Quell’abito del tradimento ai tempi dell’apartheid

Il regista Peter Brook, con semplicità e leggerezza affronta il dramma di una coppia sconvolta da una relazione extraconiugale di lei. L'incapacità di perdono si esplicita in punizioni psicologiche che portano ad un epilogo tragico, dove le scuse arrivano troppo tardi. Scenario è un sobborgo di Johannesburg
The suit di Peter Brook

"Coltivare la semplicità", consigliava il poeta e drammaturgo inglese Charles Lamb. Un precetto che si addice pienamente al regista Peter Brook. Sappiamo che, questo sapiente artigiano del teatro ha sempre dimostrato quanta ricchezza si possa trasmettere con la semplicità. Nel corso degli anni ha focalizzato sempre di più la sua attenzione sull’essenza della messinscena e del racconto, regalandoci spettacoli di grande magia alternati ad altri meno ammalianti.

Torna a emozionarci, tra risate e lacrime, con The Suit (spettacolo già allestito in francese col titolo Le costume), ispirato da un romanzo del 1950 dello scrittore sudafricano Can Themba (1924-1968), performance definita dallo stesso regista pièce en musique. In scena due appendiabiti utilizzati come finestre, armadi, porte e bus, tra sedie colorate che servono a delimitare diversi ambienti. Tre musicisti sono impegnati in alcuni ruoli, accanto a tre straordinari attori neri. Dentro una trama da vaudeville riecheggiano temi sociali che evocano l’inizio dell'apartheid situato a Sophiatown, cittadina a ovest di Johannesburg che sarà cancellata dalle ruspe dei bianchi con il trasferimento di migliaia di persone in zone più favorevoli alle azioni di polizia.

La storia, con umorismo e ironia iniziale, racconta di una giovane coppia, Filemone e Matilda, felicemente sposati, la cui vita improvvisamente sarà stravolta quando un giorno il marito scopre che la moglie ha una relazione con un altro uomo. Li coglie in flagrante. L’amante riesce a fuggire, ma lascia nella stanza il suo vestito. Sconvolto, ma senza usare nessun tipo di violenza, Filemone impone una punizione crudele: l’abito dell'amante dovrà rimanere in casa sempre in mostra, e sedere pure a tavola con loro, in modo da essere sempre ricordato. Per Matilda è l'inizio dell'inferno, e il suo sofferto desiderio di perdono si scontrerà con l’intransigente severità del marito.

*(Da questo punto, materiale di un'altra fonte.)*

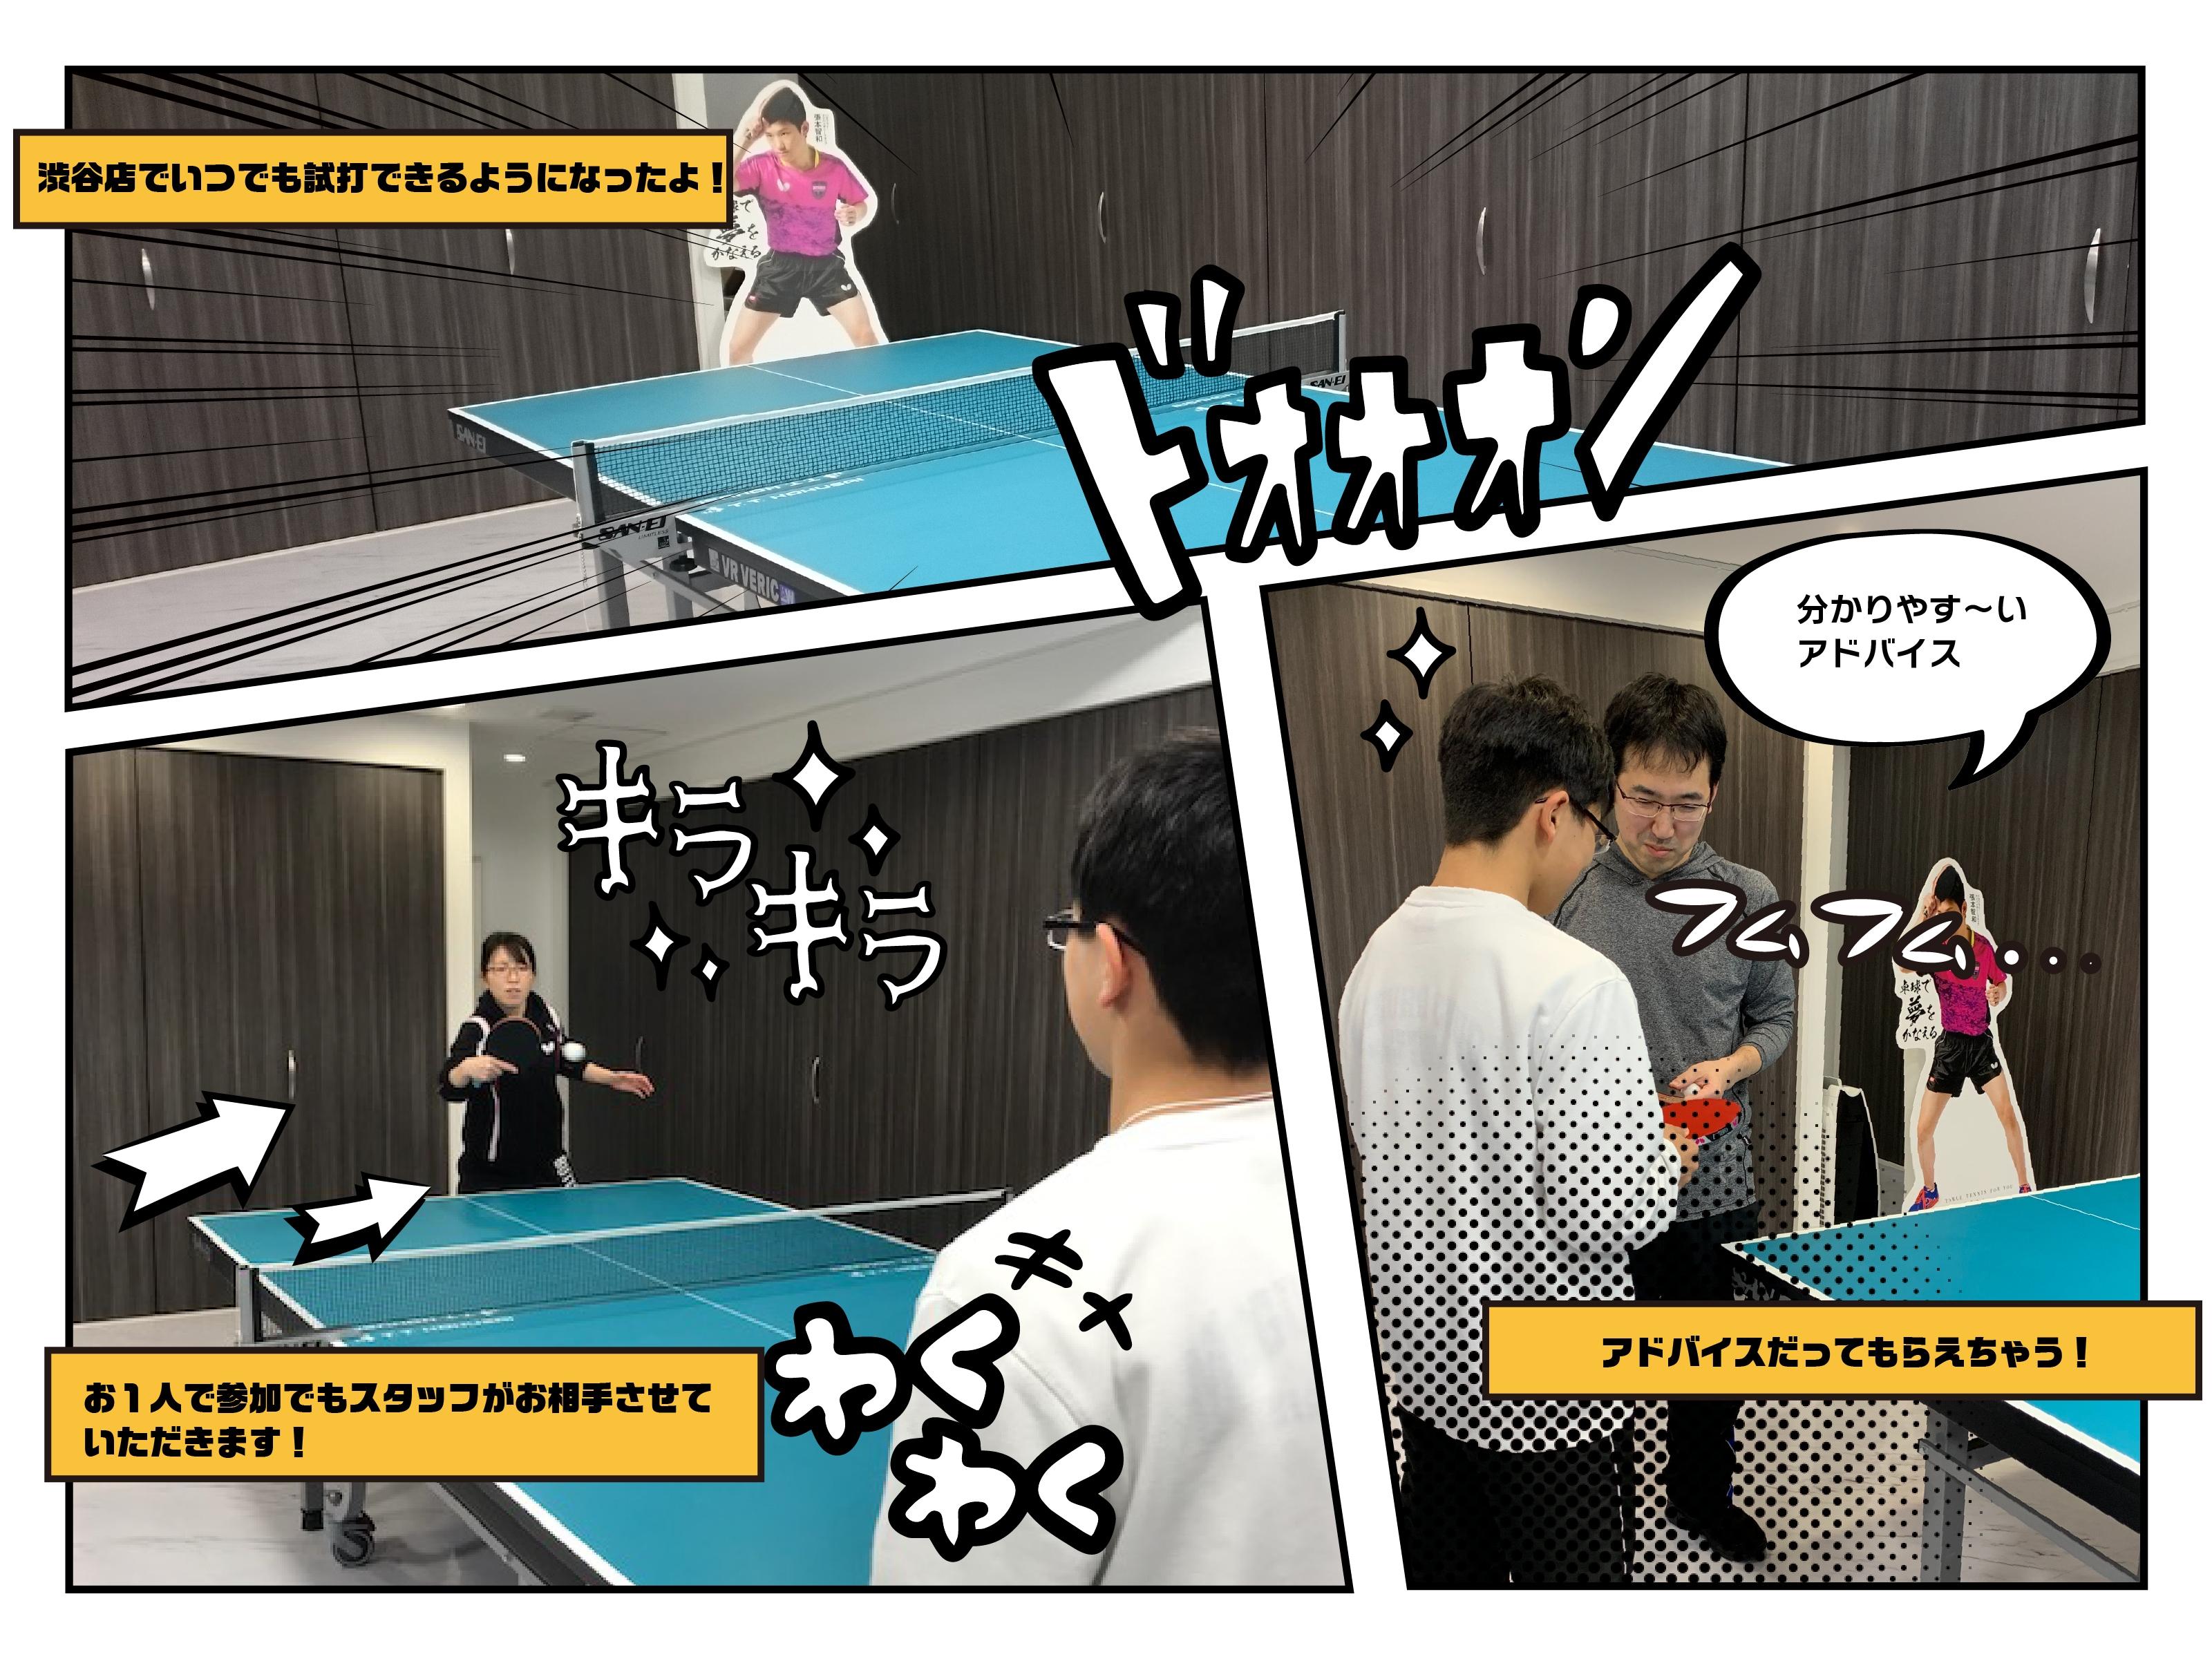 国際卓球渋谷店でお手軽試打体験

Anche se col tempo il ménage famigliare sembrerà rientrare in una certa normalità, l’uomo alimenterà ulteriormente la penitenza inflitta mostrandola all’esterno: prima con la passeggiata domenicale, ulteriore simbolo umiliante del peccato della moglie; poi con una festa in casa dove lei, davanti agli invitati, sarà costretta a ballare con l’abito. Il tragico epilogo giungerà prima che l’uomo, finalmente persuaso a dimenticare e a perdonare, riesca a rimediare alla sofferenza provocata. Arriverà troppo tardi a casa. E lascia senza fiato la scena finale, consumata nel silenzio, in cui, frontalmente, seduto accanto a lei, le tiene la mano senza vita come un Otello senza più parole, con un indefinibile senso di colpa.

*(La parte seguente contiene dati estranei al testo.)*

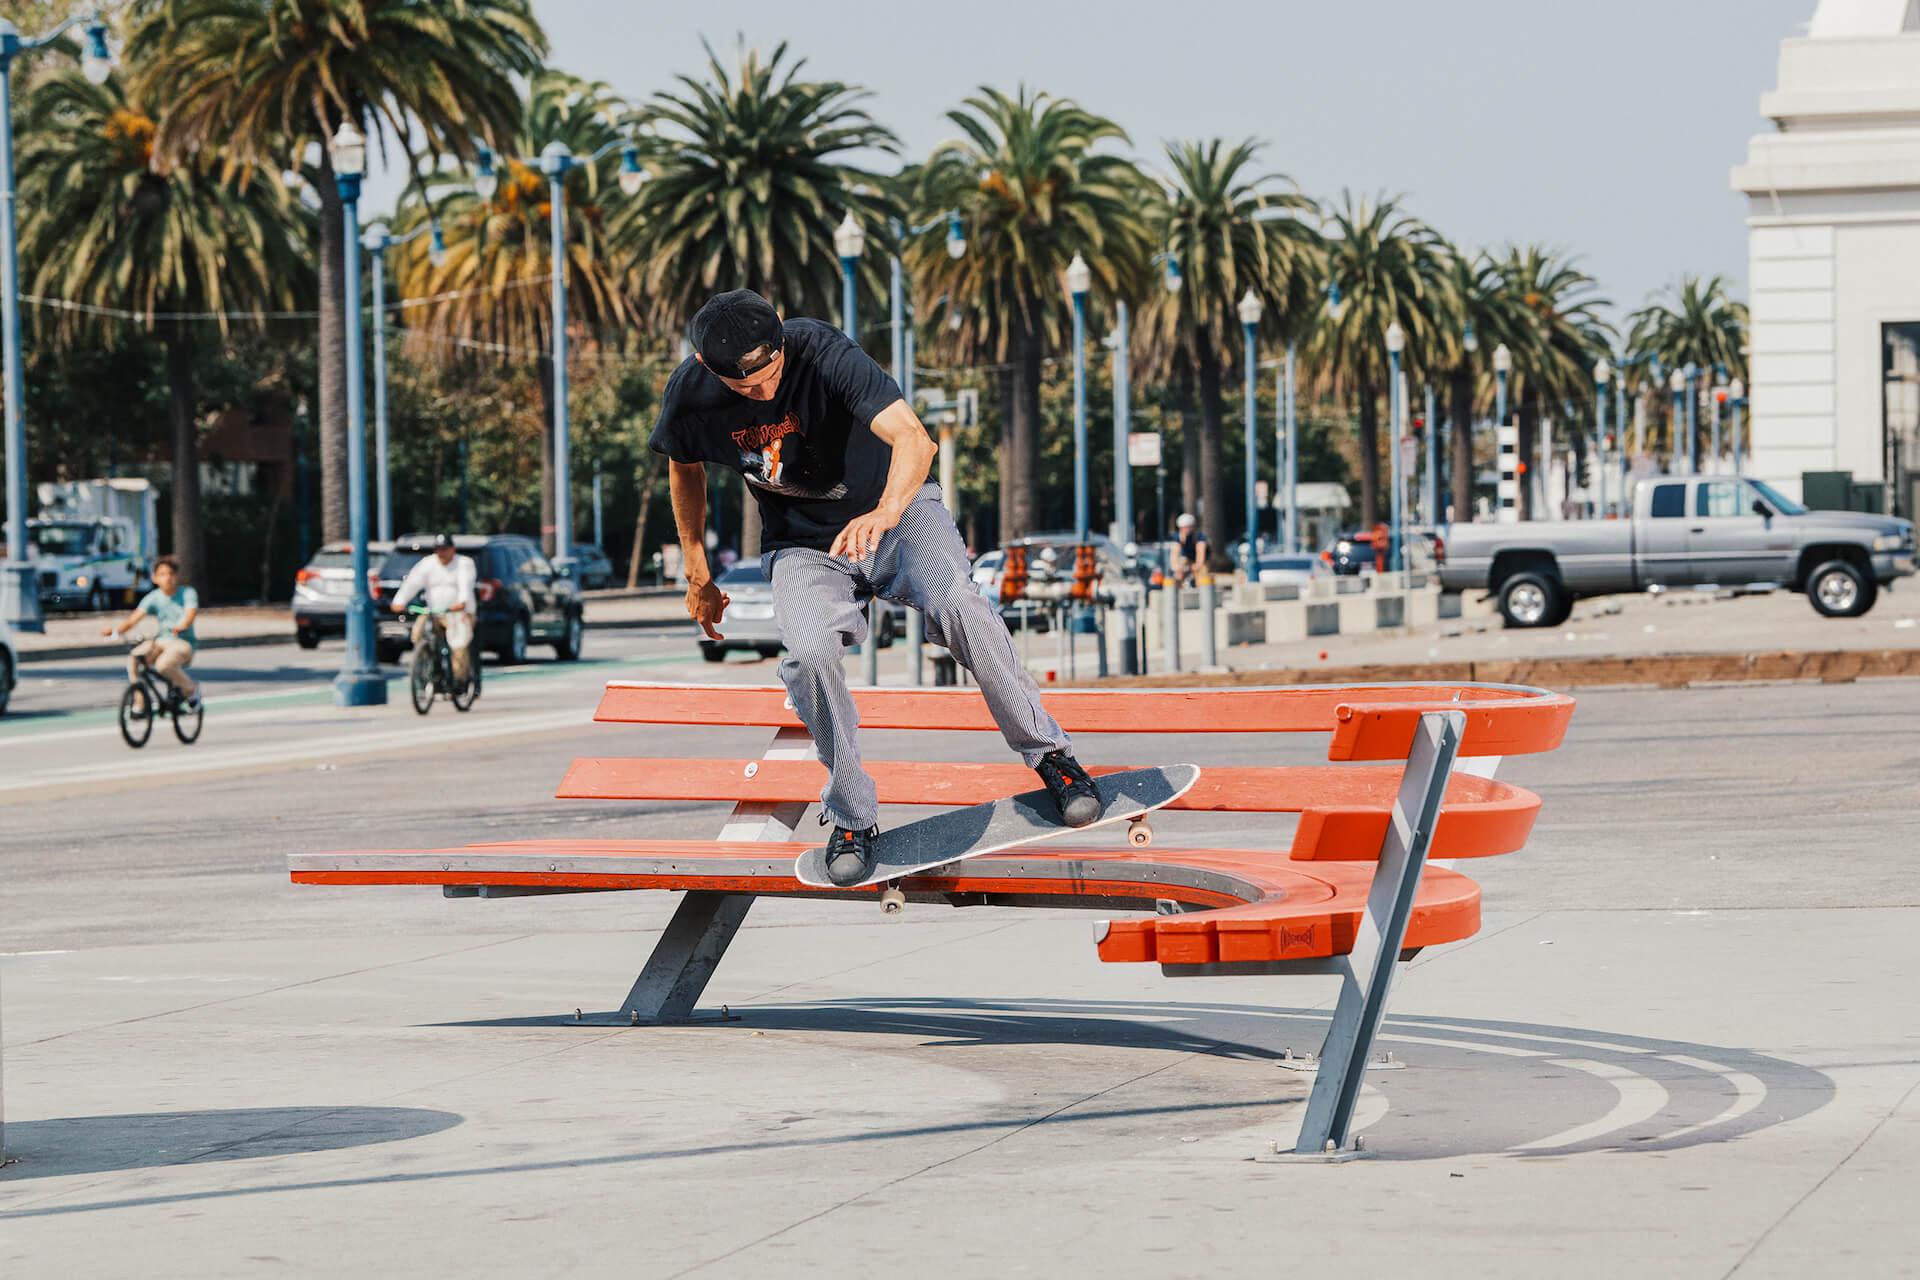 adidas SkateboardingとTHRASHERがコラボ!プロスケーターTyshawn Jonesのシグネチャーモデル&新型SUPERSTARが登場 life201126_adidas_skateboarding_16

La meraviglia e la forza teatrale della messinscena di Brook deriva – oltre che dalla vivida evocazione di tempo e luogo sulla società sudafricana con gli uomini confinati in lavori umili e le donne dedite a opere di bene all'interno della comunità nera -, soprattutto dalla sua capacità di trasmettere con pochi mezzi, sentimenti universali. Ricordandoci che la donna è una cantante frustrata – una casalinga che aspira alla libertà sognando di poter cantare – Brook evoca anche l'esuberanza della vita cittadina attraverso la musica e il canto – da Miriam Makeba a Ella Fitzgerald – dando vita ad una serata vivace in casa della coppia coinvolgendo sul palcoscenico anche alcuni spettatori.

Uno spettacolo, The suit, che è una lezione di come con “leggerezza” si possano trattare con profondità tematiche “pesanti”. Che solo un maestro come Brook, e pochi altri, sa fare.

 

Al teatro Palladium di Roma, fino al 17; al Mercadante di Napoli dal 27/2 al 10/3.